His constant walking isn’t by choice. Senne’s driver’s license was suspended in 2011, when he was indicted on a charge of motor vehicle homicide in the death of a state trooper whose car he slammed into eight years earlier while driving drunk.
Trooper Ellen Engelhardt suffered severe brain damage in 2003 after Senne, then 18, hit her parked cruiser in the breakdown lane of Route 25 in Wareham. At 50, Engelhardt was left in a permanent vegetative state, unable to walk or talk. She died in 2011.
In 2005, six years before Englehardt’s death, Senne pleaded guilty to causing bodily injury while driving drunk and to reckless endangerment. He served 2½ years at the Plymouth County House of Correction.

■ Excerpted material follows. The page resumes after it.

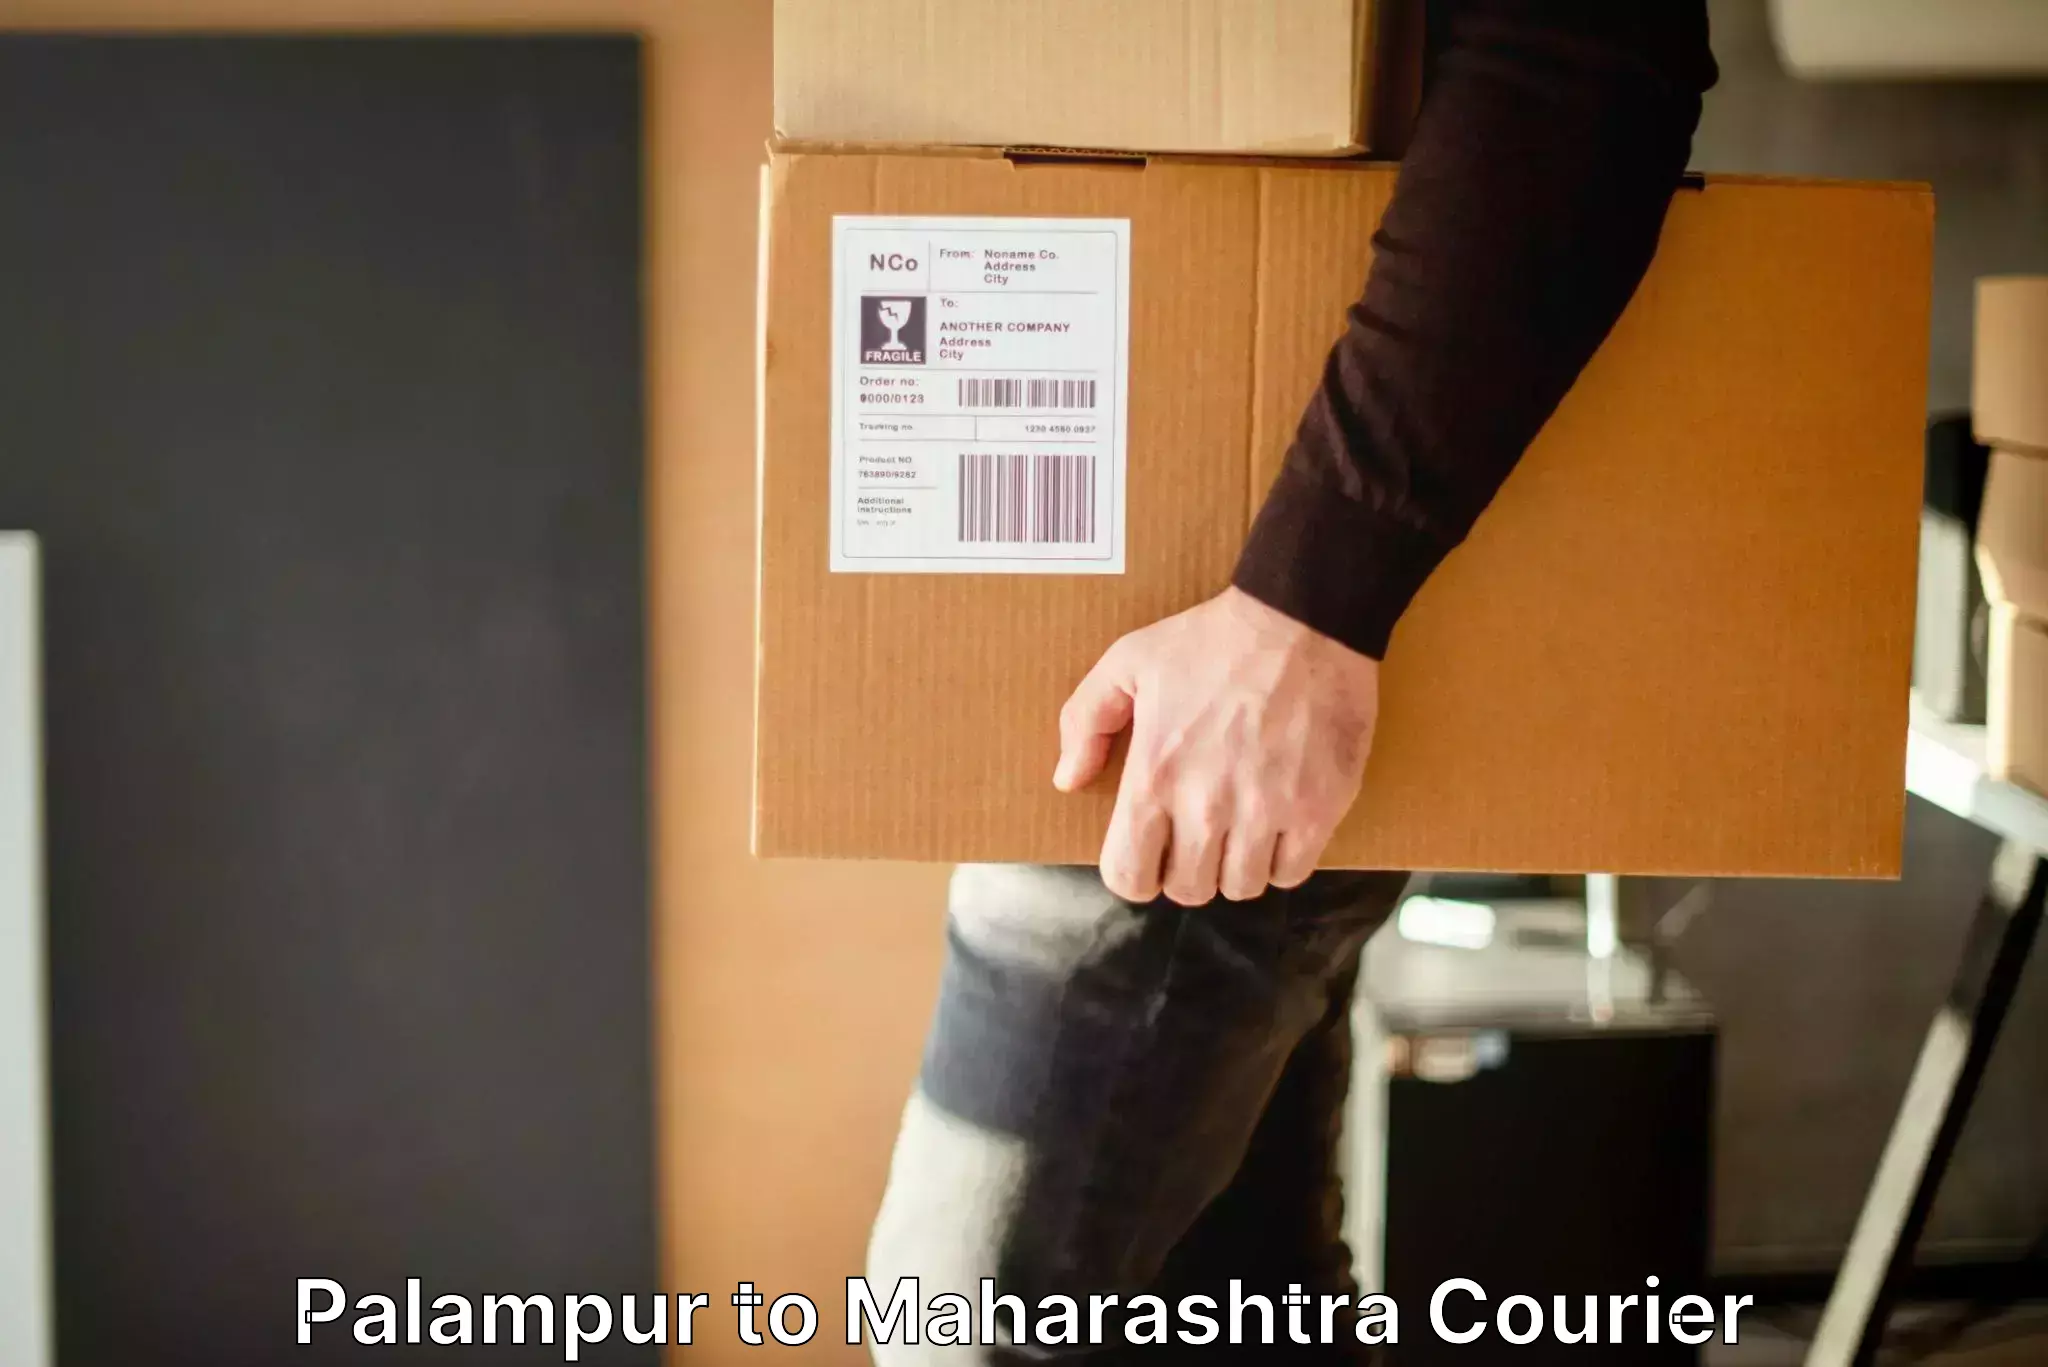 Baggage shipping service Palampur to Ganpatipule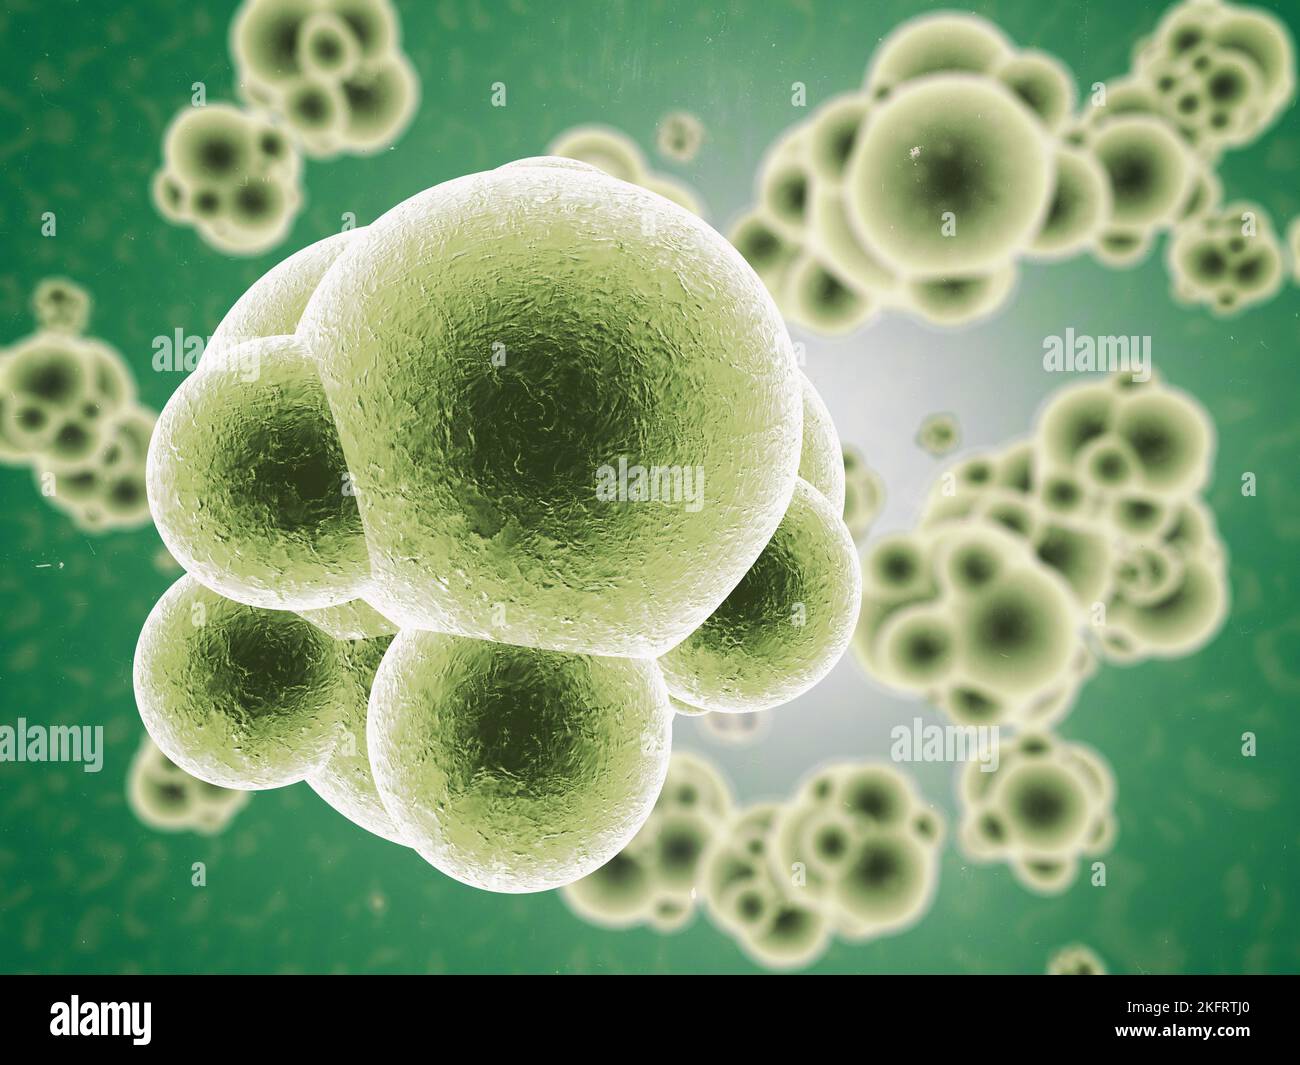 Geht fort und vervielfacht euch. Mikroskopische Ansicht multiplizierender Moleküle in Farbe. Stockfoto

In a victim impact statement, Engelhardt’s only child, Lora Tedeman, and her longtime boyfriend, State Police Lieutenant Richard Teves, described Engelhardt’s love of her family, her job, the beach, and running.
“This has changed everything,” Tedeman told the Globe at the time. “It’s turned our world upside-down.” Neither Teves nor Tedeman expressed anger toward Senne, who apologized in court.
But now, Senne faces a vehicular homicide charge stemming from Englehardt’s June 1, 2011, death. Prosecutors took the unusual step of seeking the vehicular homicide indictment even though he had pleaded guilty to a lesser charge before Englehardt died. This month, a trial date will be set in Brockton Superior Court.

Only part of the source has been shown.